Re: [PATCH] drm/amd/pm: correct the checks for fan attributes support

[Date Prev][Date Next][Thread Prev][Thread Next][Date Index][Thread Index]

 





On 1/10/2022 1:25 PM, Quan, Evan wrote:
[AMD Official Use Only]



-----Original Message-----
From: Lazar, Lijo <Lijo.Lazar@xxxxxxx>
Sent: Monday, January 10, 2022 3:36 PM
To: Quan, Evan <Evan.Quan@xxxxxxx>; amd-gfx@xxxxxxxxxxxxxxxxxxxxx
Cc: Deucher, Alexander <Alexander.Deucher@xxxxxxx>
Subject: Re: [PATCH] drm/amd/pm: correct the checks for fan attributes
support



On 1/10/2022 11:30 AM, Evan Quan wrote:
Before we relied on the return values from the corresponding interfaces.
That is with low efficiency. And the wrong intermediate variable used
makes the fan mode stuck at manual mode which then causes overheating
in
3D graphics tests.

Signed-off-by: Evan Quan <evan.quan@xxxxxxx>
Change-Id: Ia93ccf3b929c12e6d10b50c8f3596783ac63f0e3
---
   drivers/gpu/drm/amd/pm/amdgpu_dpm.c     | 23
+++++++++++++++++++++++
   drivers/gpu/drm/amd/pm/amdgpu_pm.c      | 20 ++++++++++----------
   drivers/gpu/drm/amd/pm/inc/amdgpu_dpm.h | 12 ++++++++++++
   3 files changed, 45 insertions(+), 10 deletions(-)

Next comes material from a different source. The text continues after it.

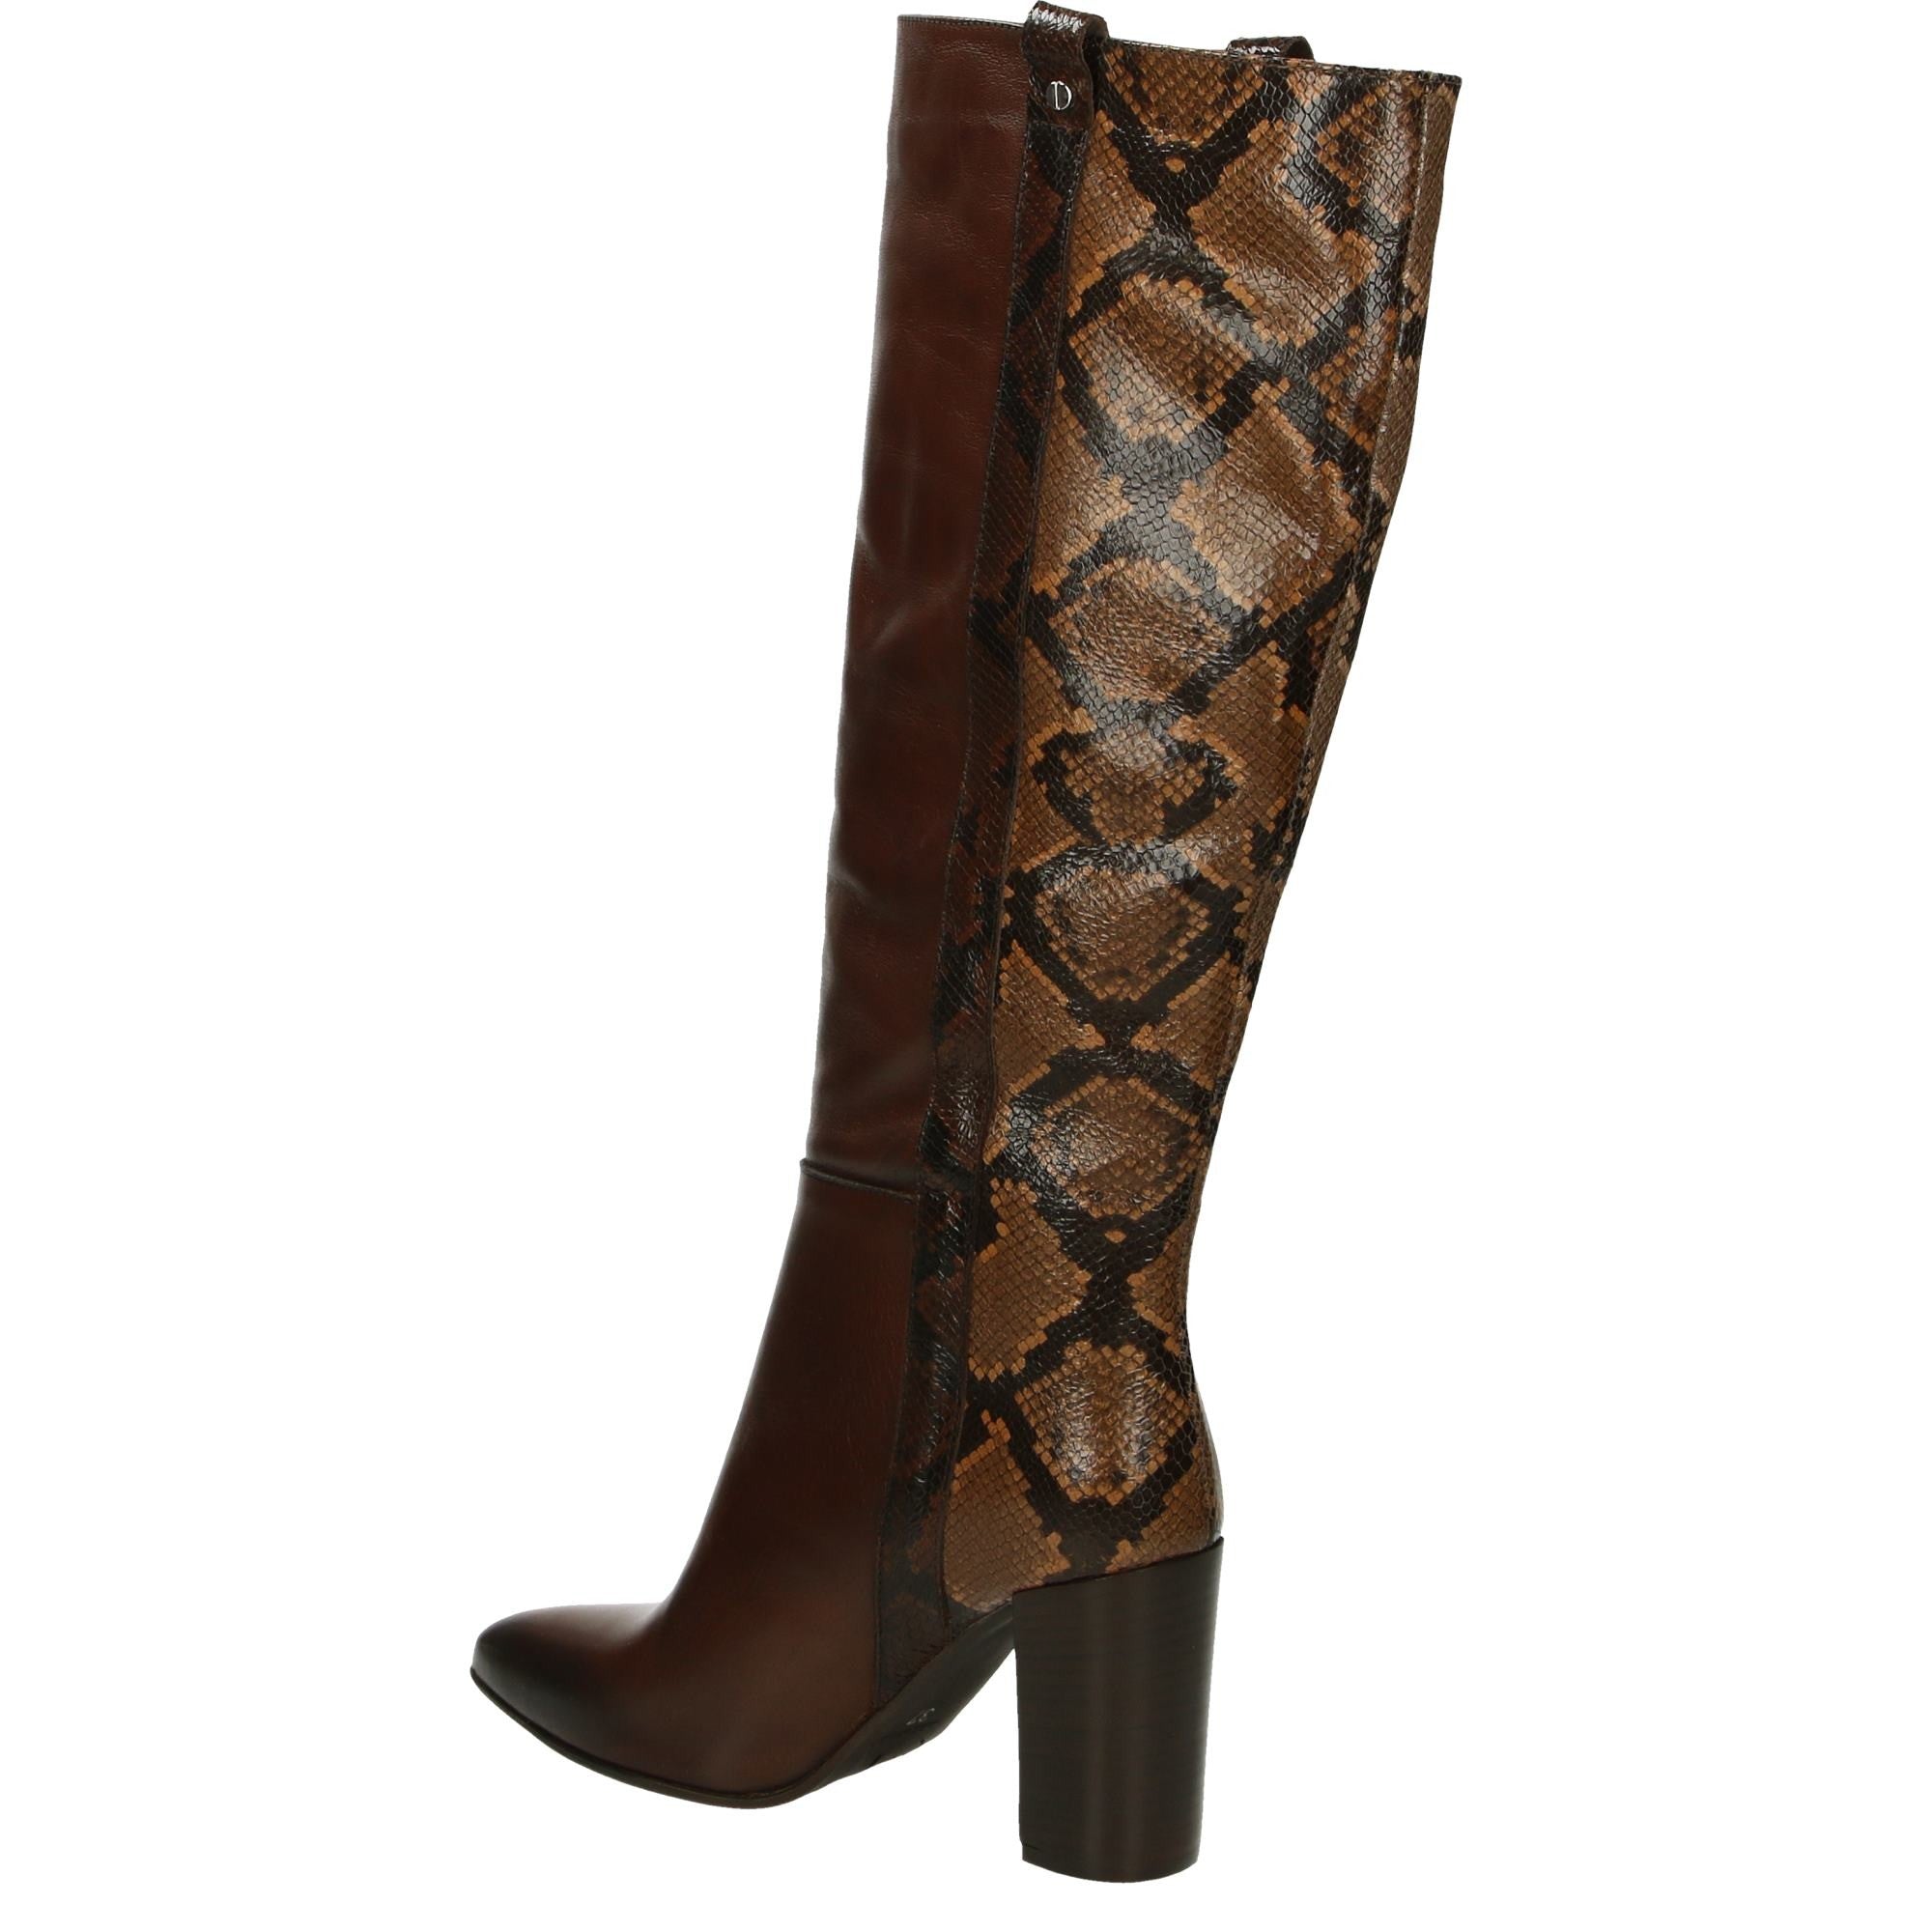 snakeskin boots long

diff --git a/drivers/gpu/drm/amd/pm/amdgpu_dpm.c
b/drivers/gpu/drm/amd/pm/amdgpu_dpm.c
index 68d2e80a673b..e732418a9558 100644
--- a/drivers/gpu/drm/amd/pm/amdgpu_dpm.c
+++ b/drivers/gpu/drm/amd/pm/amdgpu_dpm.c
@@ -1547,3 +1547,26 @@ int amdgpu_dpm_get_dpm_clock_table(struct
amdgpu_device *adev,

   	return ret;
   }
+
+int amdgpu_dpm_is_fan_operation_supported(struct amdgpu_device
*adev,
+					  enum fan_operation_id id)
+{
+	const struct amd_pm_funcs *pp_funcs = adev->powerplay.pp_funcs;
+
+	switch (id) {
+	case FAN_CONTROL_MODE_RETRIEVING:
+		return pp_funcs->get_fan_control_mode ? 1 : 0;
+	case FAN_CONTROL_MODE_SETTING:
+		return pp_funcs->set_fan_control_mode ? 1 : 0;
+	case FAN_SPEED_PWM_RETRIEVING:
+		return pp_funcs->get_fan_speed_pwm ? 1 : 0;
+	case FAN_SPEED_PWM_SETTING:
+		return pp_funcs->set_fan_speed_pwm ? 1 : 0;
+	case FAN_SPEED_RPM_RETRIEVING:
+		return pp_funcs->get_fan_speed_rpm ? 1 : 0;
+	case FAN_SPEED_RPM_SETTING:
+		return pp_funcs->set_fan_speed_rpm ? 1 : 0;
+	default:
+		return 0;
+	}
+}
diff --git a/drivers/gpu/drm/amd/pm/amdgpu_pm.c
b/drivers/gpu/drm/amd/pm/amdgpu_pm.c
index d3eab245e0fe..57721750c51a 100644
--- a/drivers/gpu/drm/amd/pm/amdgpu_pm.c
+++ b/drivers/gpu/drm/amd/pm/amdgpu_pm.c
@@ -3263,15 +3263,15 @@ static umode_t
hwmon_attributes_visible(struct kobject *kobj,
   		return 0;

   	/* mask fan attributes if we have no bindings for this asic to expose
*/
-	if (((amdgpu_dpm_get_fan_speed_pwm(adev, &speed) == -EINVAL)
&&
+	if ((!amdgpu_dpm_is_fan_operation_supported(adev,
FAN_SPEED_PWM_RETRIEVING) &&

As per the current logic, it's really checking the hardware registers.
[Quan, Evan] I probably should mention the "current" version you see now is actually a regression introduced by the commit below:
801771de0331 drm/amd/pm: do not expose power implementation details to amdgpu_pm.c

The very early version(which works good) is something like below:
-       if (!is_support_sw_smu(adev)) {
-               /* mask fan attributes if we have no bindings for this asic to expose */
-               if ((!adev->powerplay.pp_funcs->get_fan_speed_pwm &&
-                    attr == &sensor_dev_attr_pwm1.dev_attr.attr) || /* can't query fan */
-                   (!adev->powerplay.pp_funcs->get_fan_control_mode &&
-                    attr == &sensor_dev_attr_pwm1_enable.dev_attr.attr)) /* can't query state */
-                       effective_mode &= ~S_IRUGO;

So, the changes here are really just back to old working version. It aims to provide a quick fix for the failures reported by CQE.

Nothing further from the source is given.